## Stored items from a collection

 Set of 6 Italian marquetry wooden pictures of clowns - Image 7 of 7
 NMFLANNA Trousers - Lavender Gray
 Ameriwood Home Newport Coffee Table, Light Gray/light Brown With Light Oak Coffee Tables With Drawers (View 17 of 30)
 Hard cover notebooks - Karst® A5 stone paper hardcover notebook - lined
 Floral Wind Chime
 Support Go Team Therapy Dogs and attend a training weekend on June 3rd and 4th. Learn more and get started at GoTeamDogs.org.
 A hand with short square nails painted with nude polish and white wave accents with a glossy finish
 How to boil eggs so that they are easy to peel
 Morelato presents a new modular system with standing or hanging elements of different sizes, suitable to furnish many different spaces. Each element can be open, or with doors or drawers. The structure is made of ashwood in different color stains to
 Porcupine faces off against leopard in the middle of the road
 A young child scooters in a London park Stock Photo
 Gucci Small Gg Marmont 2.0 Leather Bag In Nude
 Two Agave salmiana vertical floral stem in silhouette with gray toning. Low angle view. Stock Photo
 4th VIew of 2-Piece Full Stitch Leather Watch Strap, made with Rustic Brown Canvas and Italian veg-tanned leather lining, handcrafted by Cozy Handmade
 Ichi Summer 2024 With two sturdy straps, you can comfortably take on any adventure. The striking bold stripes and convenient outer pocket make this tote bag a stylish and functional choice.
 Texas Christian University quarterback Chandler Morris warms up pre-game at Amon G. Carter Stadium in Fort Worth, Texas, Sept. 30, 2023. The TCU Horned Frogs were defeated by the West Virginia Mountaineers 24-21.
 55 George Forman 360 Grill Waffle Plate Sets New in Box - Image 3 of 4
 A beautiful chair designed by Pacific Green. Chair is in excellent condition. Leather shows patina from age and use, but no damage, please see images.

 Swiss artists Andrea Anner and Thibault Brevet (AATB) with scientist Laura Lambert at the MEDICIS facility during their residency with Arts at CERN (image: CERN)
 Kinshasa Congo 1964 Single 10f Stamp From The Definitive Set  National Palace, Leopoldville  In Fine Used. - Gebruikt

## EXERCISE PROMPT
Beginning at the line with "Ichi Summer 2024" and stopping after the line with "A beautiful chair", please write out every line of the data above exactly and nothing else.

## EXERCISE OUTPUT
 Ichi Summer 2024 With two sturdy straps, you can comfortably take on any adventure. The striking bold stripes and convenient outer pocket make this tote bag a stylish and functional choice.
 Texas Christian University quarterback Chandler Morris warms up pre-game at Amon G. Carter Stadium in Fort Worth, Texas, Sept. 30, 2023. The TCU Horned Frogs were defeated by the West Virginia Mountaineers 24-21.
 55 George Forman 360 Grill Waffle Plate Sets New in Box - Image 3 of 4
 A beautiful chair designed by Pacific Green. Chair is in excellent condition. Leather shows patina from age and use, but no damage, please see images.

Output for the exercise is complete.